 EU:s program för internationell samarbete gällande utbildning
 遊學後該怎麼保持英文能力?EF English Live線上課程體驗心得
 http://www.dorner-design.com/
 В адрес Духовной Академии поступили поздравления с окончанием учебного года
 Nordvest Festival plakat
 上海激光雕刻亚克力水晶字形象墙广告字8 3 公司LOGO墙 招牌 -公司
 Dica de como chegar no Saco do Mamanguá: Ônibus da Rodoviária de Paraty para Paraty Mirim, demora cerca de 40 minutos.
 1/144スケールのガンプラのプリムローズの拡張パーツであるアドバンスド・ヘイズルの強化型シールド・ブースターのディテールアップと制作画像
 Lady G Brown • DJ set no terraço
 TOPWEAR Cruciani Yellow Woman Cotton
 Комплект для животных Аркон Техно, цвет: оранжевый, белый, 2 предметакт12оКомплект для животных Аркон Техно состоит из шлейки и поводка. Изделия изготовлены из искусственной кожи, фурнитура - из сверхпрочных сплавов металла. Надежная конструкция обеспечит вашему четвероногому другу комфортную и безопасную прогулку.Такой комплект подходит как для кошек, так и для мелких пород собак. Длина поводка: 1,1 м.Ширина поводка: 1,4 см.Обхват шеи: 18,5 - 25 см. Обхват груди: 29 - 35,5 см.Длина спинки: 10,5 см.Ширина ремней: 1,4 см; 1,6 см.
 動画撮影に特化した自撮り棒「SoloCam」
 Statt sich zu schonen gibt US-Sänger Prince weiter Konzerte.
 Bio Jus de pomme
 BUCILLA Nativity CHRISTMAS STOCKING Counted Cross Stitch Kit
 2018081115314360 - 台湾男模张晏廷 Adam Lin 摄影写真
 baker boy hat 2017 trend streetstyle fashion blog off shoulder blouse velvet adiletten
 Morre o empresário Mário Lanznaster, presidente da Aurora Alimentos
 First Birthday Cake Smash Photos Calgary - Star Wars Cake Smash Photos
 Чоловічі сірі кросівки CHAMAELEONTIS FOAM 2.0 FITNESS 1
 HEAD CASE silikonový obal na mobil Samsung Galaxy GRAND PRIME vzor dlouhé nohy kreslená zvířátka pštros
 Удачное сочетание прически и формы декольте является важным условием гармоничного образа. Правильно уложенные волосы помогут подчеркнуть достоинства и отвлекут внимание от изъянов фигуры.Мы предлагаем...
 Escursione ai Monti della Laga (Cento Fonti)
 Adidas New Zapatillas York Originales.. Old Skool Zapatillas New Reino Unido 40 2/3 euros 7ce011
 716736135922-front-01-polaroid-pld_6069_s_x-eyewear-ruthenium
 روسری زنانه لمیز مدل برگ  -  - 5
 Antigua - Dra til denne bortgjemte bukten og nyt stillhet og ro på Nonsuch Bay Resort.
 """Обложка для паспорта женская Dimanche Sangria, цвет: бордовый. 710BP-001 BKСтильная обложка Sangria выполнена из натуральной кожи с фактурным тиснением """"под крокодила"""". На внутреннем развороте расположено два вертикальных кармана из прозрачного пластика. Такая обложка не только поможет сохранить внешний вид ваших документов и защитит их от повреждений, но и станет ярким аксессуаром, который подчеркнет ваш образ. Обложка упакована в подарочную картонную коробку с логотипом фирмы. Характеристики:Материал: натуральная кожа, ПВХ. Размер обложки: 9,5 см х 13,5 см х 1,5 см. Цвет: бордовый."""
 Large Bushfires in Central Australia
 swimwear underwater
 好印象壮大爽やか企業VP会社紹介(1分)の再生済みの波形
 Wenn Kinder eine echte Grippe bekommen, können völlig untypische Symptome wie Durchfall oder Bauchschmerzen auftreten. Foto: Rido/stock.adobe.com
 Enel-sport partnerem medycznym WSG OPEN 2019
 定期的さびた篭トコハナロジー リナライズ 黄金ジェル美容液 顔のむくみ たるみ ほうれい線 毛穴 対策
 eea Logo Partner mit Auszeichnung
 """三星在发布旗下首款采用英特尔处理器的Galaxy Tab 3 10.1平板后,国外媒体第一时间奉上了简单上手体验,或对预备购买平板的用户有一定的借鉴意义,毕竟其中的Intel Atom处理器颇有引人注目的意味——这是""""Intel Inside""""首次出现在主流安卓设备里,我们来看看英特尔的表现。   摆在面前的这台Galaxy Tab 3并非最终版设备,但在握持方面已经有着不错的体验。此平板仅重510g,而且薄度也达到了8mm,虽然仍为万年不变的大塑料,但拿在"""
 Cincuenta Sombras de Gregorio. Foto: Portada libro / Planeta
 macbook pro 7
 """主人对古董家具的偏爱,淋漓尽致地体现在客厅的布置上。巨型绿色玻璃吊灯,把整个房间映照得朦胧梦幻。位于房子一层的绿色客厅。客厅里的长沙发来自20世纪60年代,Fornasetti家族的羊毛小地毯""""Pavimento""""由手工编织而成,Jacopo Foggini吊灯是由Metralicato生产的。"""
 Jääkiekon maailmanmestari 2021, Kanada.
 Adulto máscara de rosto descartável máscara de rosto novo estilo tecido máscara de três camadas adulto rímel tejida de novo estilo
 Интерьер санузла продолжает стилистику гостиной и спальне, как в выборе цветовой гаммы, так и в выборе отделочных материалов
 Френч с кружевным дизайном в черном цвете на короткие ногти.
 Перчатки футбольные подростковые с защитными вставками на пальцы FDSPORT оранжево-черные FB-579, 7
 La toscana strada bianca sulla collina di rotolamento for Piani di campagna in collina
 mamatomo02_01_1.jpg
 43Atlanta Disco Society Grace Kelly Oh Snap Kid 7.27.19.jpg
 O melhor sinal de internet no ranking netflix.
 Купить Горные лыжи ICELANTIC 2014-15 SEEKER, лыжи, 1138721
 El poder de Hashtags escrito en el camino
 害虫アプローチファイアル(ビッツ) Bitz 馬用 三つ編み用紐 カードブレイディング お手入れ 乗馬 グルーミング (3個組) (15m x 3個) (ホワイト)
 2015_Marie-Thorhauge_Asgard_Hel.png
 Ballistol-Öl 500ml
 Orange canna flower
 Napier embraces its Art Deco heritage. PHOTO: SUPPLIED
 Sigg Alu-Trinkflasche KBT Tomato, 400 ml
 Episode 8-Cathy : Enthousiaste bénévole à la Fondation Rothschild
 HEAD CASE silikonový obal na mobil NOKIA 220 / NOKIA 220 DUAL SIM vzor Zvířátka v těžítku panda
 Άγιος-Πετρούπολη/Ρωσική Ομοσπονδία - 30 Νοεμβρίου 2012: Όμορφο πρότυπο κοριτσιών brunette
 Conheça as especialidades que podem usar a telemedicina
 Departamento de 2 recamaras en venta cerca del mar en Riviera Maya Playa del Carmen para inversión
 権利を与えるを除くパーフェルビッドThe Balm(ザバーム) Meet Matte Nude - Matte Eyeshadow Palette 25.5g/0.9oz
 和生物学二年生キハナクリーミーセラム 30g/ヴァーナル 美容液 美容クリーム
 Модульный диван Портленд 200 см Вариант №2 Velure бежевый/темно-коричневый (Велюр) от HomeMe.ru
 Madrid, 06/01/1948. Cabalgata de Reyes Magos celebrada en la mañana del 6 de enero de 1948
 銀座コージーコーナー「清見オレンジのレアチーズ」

|---|

Assignment: What do the lines above say from the one containing "Ballistol-Öl 500ml" down to the one containing "HEAD CASE silikonový obal na mobil NOKIA"? Return them exactly, both end lines included, and only them.

Answer section:
 Ballistol-Öl 500ml
 Orange canna flower
 Napier embraces its Art Deco heritage. PHOTO: SUPPLIED
 Sigg Alu-Trinkflasche KBT Tomato, 400 ml
 Episode 8-Cathy : Enthousiaste bénévole à la Fondation Rothschild
 HEAD CASE silikonový obal na mobil NOKIA 220 / NOKIA 220 DUAL SIM vzor Zvířátka v těžítku panda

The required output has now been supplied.